Cross-task applicability of STAL: STAL is introduced for detection; its impact on other heads (segmentation, pose, OBB) and on multi-task joint training is not evaluated. Does STAL require task-specific adaptations?
Dual-head interference: Joint optimization of one-to-one and one-to-many heads can induce gradient conflicts. Are methods like loss/gradient balancing, decoupled optimization, or parameter partitioning beneficial? What is the added training memory/compute vs. single-head designs?
Occlusion and overlap handling: One-to-one assignment inherently restricts duplicates per object; the paper does not analyze failure modes in heavy overlap/occlusion scenarios where DETR-like methods historically struggle. Can auxiliary duplicate handling or learned de-duplication improve crowded-scene recall?

Task-specific extensions

Instance segmentation prototypes: The multi-scale proto module and auxiliary semantic branch add capacity and training signals, but the number of prototypes K, memory/latency overhead, and failure modes (e.g., thin/transparent structures) are not quantified. What is the accuracy–latency Pareto vs. single-scale prototypes, and does the auxiliary branch cause negative transfer to detection?
Pose estimation with RLE: The RealNVP-based residual modeling introduces extra parameters and compute. The latency impact, convergence stability, calibration of predicted uncertainties, and robustness to occlusion and missing keypoints are not reported. How well does RLE transfer across datasets (COCO → CrowdPose/MPII) and edge devices?
OBB angle supervision: The long-edge angle formulation and square-object angle loss hinge on λ and weighting design; there is no ablation on λ, behavior on extreme aspect ratios, or numerical stability of the modulo operation. How do these choices transfer to scene text datasets and higher-resolution aerial imagery?

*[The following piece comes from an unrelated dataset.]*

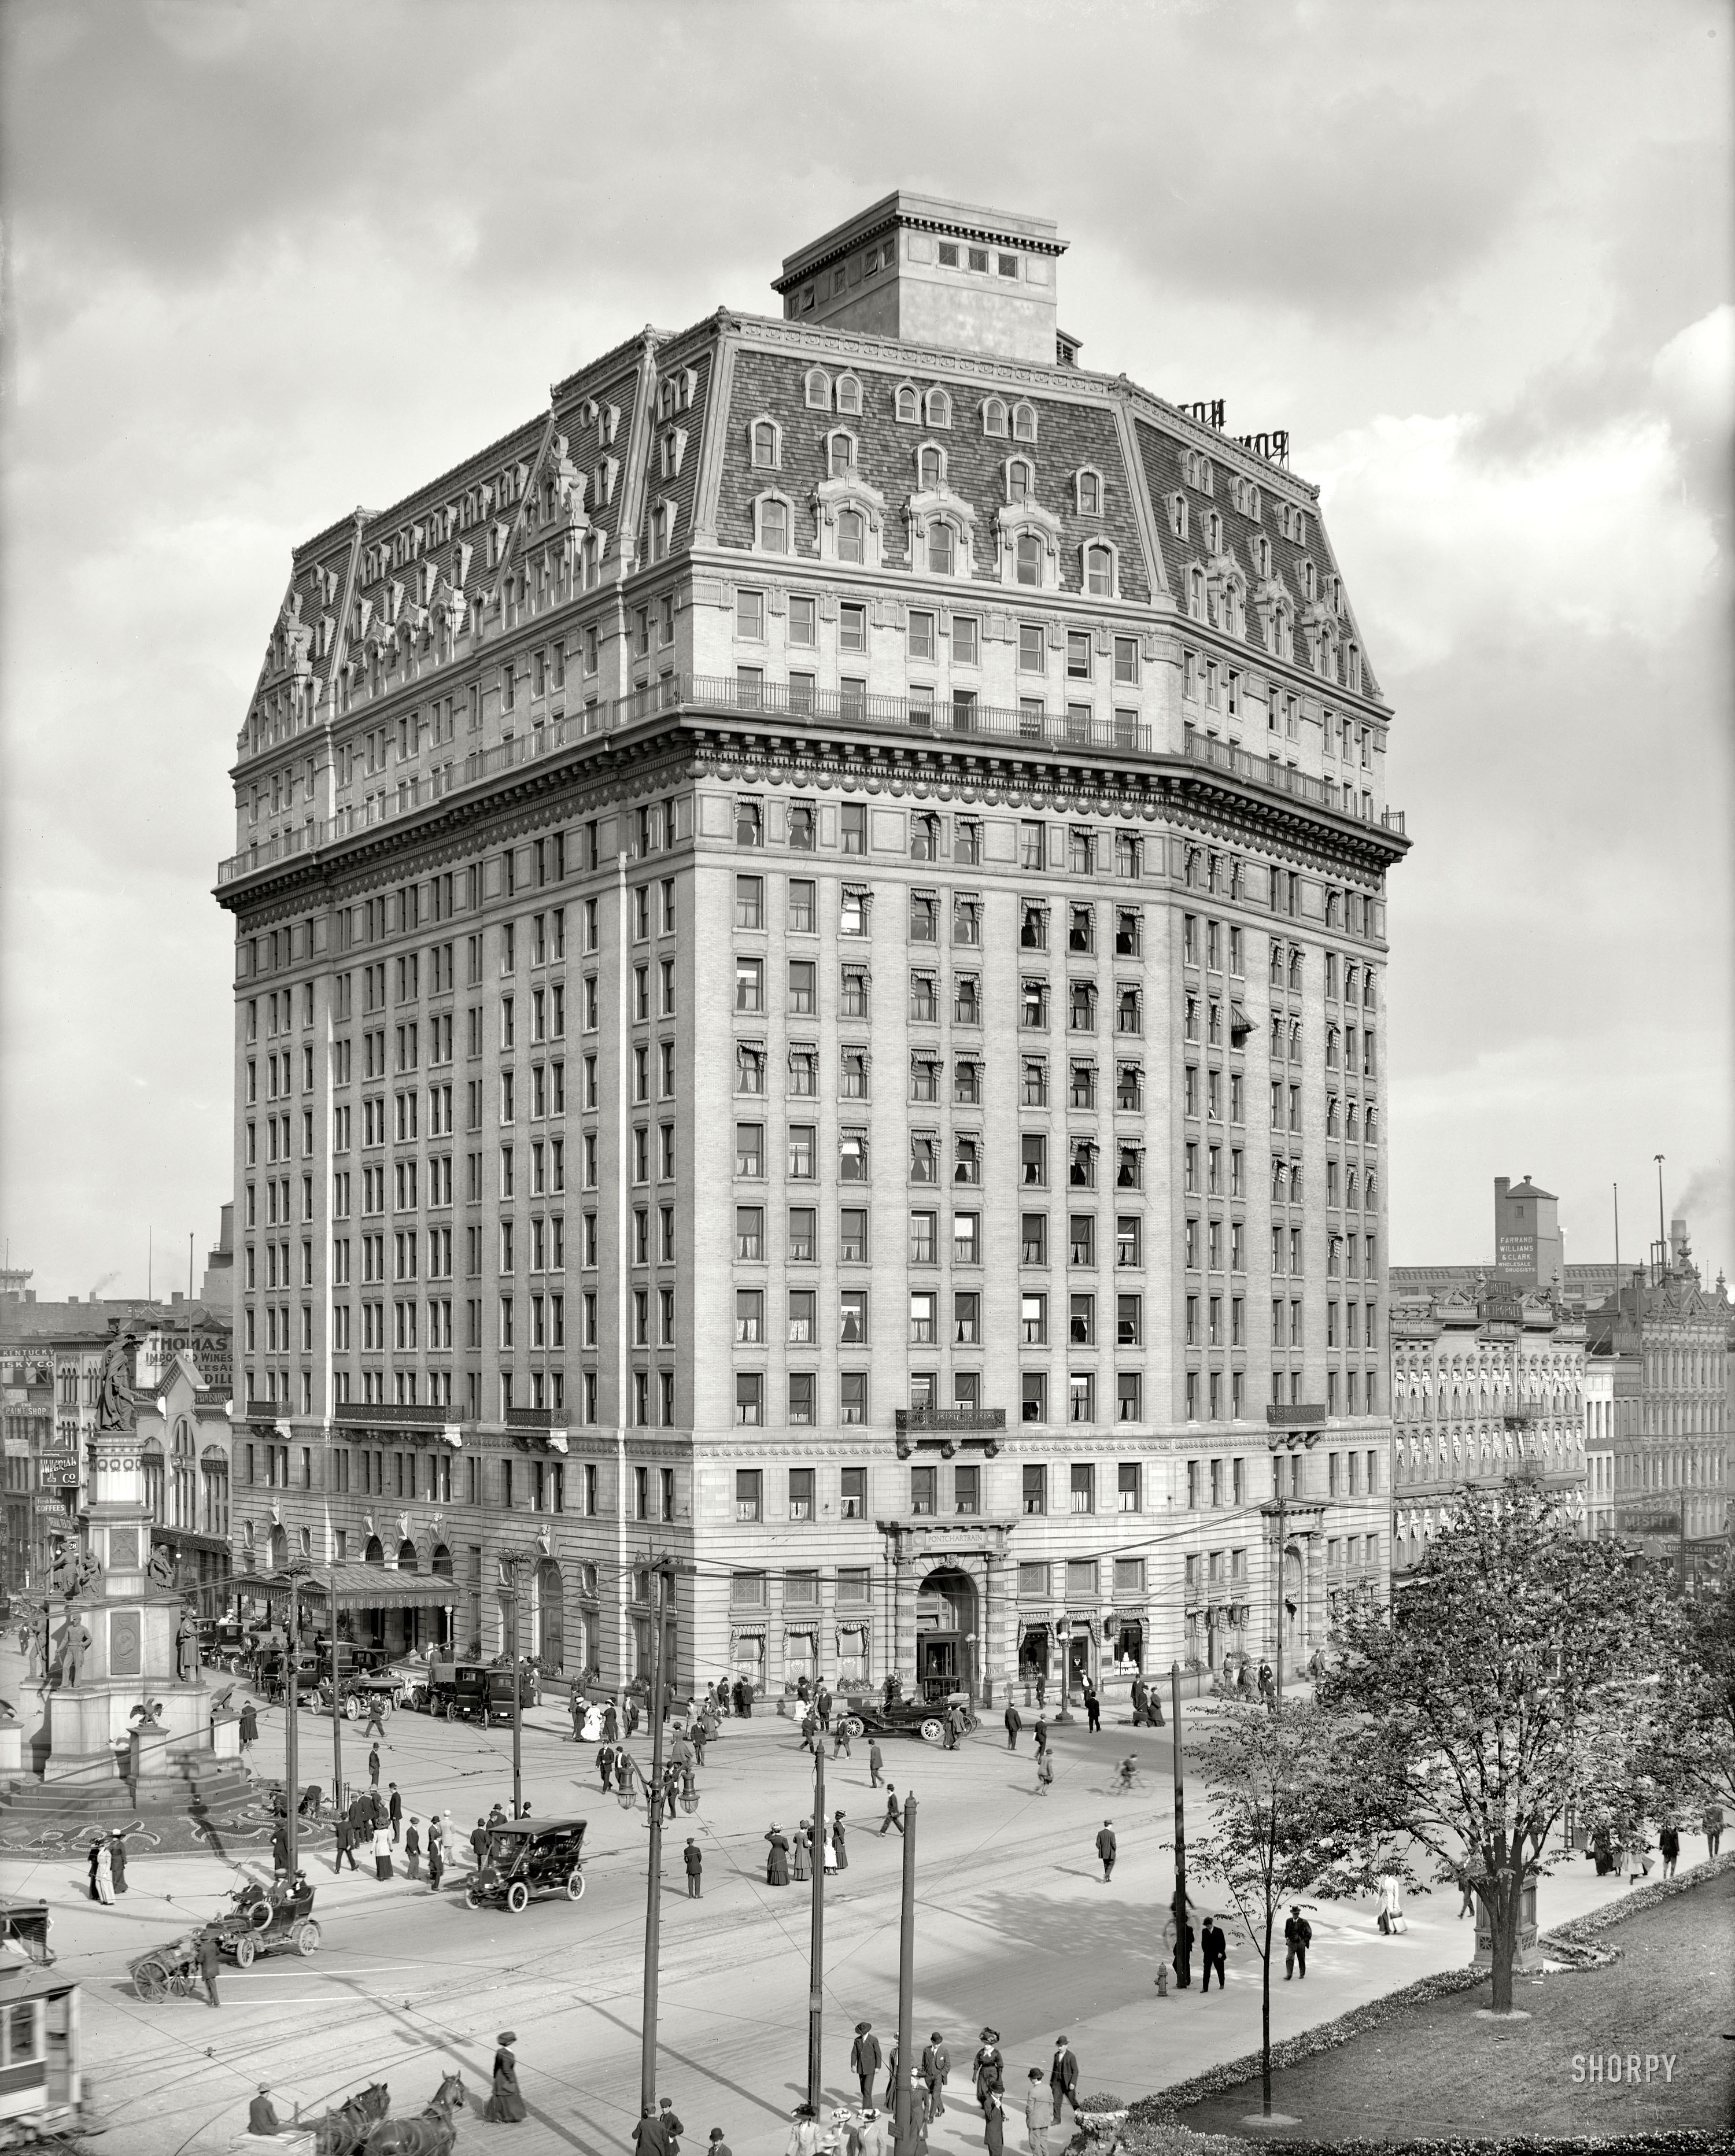 Detroit, Michigan, circa 1912. "Hotel Pontchartrain, Soldiers' and Sailors' Monument." Along with the Flatiron building in New York, "The Pontch" was one of Detroit Publishing's favorite architectural subjects. View full size.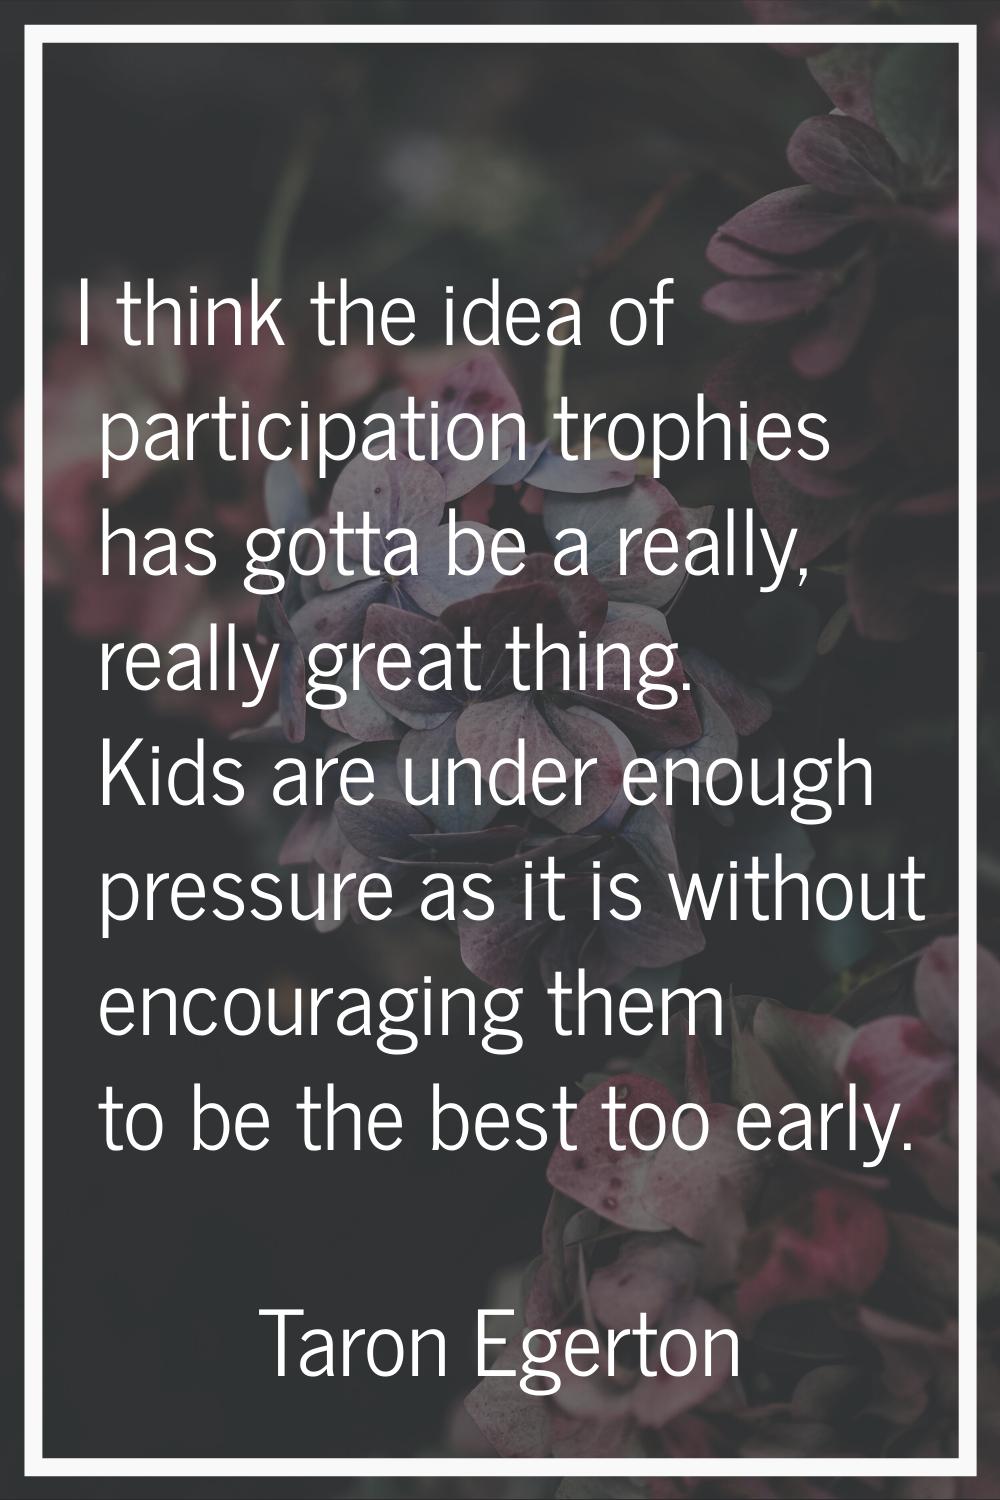 I think the idea of participation trophies has gotta be a really, really great thing. Kids are unde

Open-vocabulary (YOLOE-26)

Modalities beyond text prompting: Results are reported for text-prompted LVIS minival; visual-prompted and prompt-free modes are not evaluated. How does performance vary across the three modes, and what calibration strategies mitigate false positives in prompt-free inference?
Pseudo-label engine details: The data sources, scale, quality control, and potential label bias of the pseudo-label pipeline are not described, leaving open its contribution to gains and its risk of reinforcing dataset biases.
Category bias and fairness: No analysis of performance across long-tail categories, demographic attributes, or sensitive labels is provided. How to mitigate bias amplification when coupling open-vocab heads with pseudo-labeled data?
Segmentation decoupling: The benefit of “decoupled segmentation training” is asserted without a controlled comparison. Does decoupling improve open-vocab mask quality consistently, and what is the best coupling point with the detector?

Deployment and evaluation

Backend coverage for E2E decoding: Some runtimes lack top-K ops and “fallback to non-E2E” inference; the accuracy and latency delta between the two paths post-export (e.g., TensorRT vs. CoreML vs. NCNN) is not quantified. What export-time transformations preserve E2E behavior across targets?
Quantization and low-precision support: INT8/PTQ/QAT effects on the dual-head, E2E decoding, and non-standard losses (RLE, angle loss) are unexplored. Which layers are most sensitive, and what calibration schemes are needed?
Energy and memory budgets: CPU and GPU latency are highlighted, but energy consumption, peak memory, and batch-size throughput on edge NPUs/SoCs (e.g., Qualcomm, Apple, Rockchip) are not reported. What are the deployment best practices per hardware class?
Training efficiency claims: The paper motivates reducing long (≈600-epoch) schedules, but does not provide concrete new schedules, wall-clock time, or compute (GPU-hours) savings attributable to MuSGD and Progressive Loss at each scale. How do improvements scale with dataset size and augmentation strength?
Generalization beyond COCO/DOTA: Most claims center on COCO (detection/segmentation/pose) and DOTA (OBB). Transfer to other domains (crowd, face, retail, industrial defects, medical, autonomous driving) and under domain shift (weather, nighttime, motion blur) is not evaluated.
Confidence calibration: NMS-free decoding changes the score distribution; there is no analysis of calibration (ECE, reliability diagrams) or thresholding strategies for safety-critical deployments.
Reproducibility specifics: Key training details are deferred (supplementary references, unspecified loss components, optimizer mixing), making exact reproduction difficult. Public configs with seeds, schedules, and hardware would reduce variance across reproductions.

Broader open questions

Multi-task joint training: The family supports multiple tasks, but joint vs. per-task training strategies, task weighting, and interference are not examined. Can a single backbone jointly trained across tasks match or surpass per-task backbones under a fixed compute budget?
Scaling laws and model size: The five scales (n/s/m/l/x) are reported, but scaling laws (data vs. model vs. compute) for accuracy and convergence under the new pipeline are not characterized. Where are diminishing returns, and how do optimizer/loss settings change with scale?
Robustness and security: Sensitivity to corruptions, adversarial patterns, and spurious correlations is not studied. Which components (STAL, E2E head) most affect robustness, and what defenses are effective without sacrificing real-time constraints?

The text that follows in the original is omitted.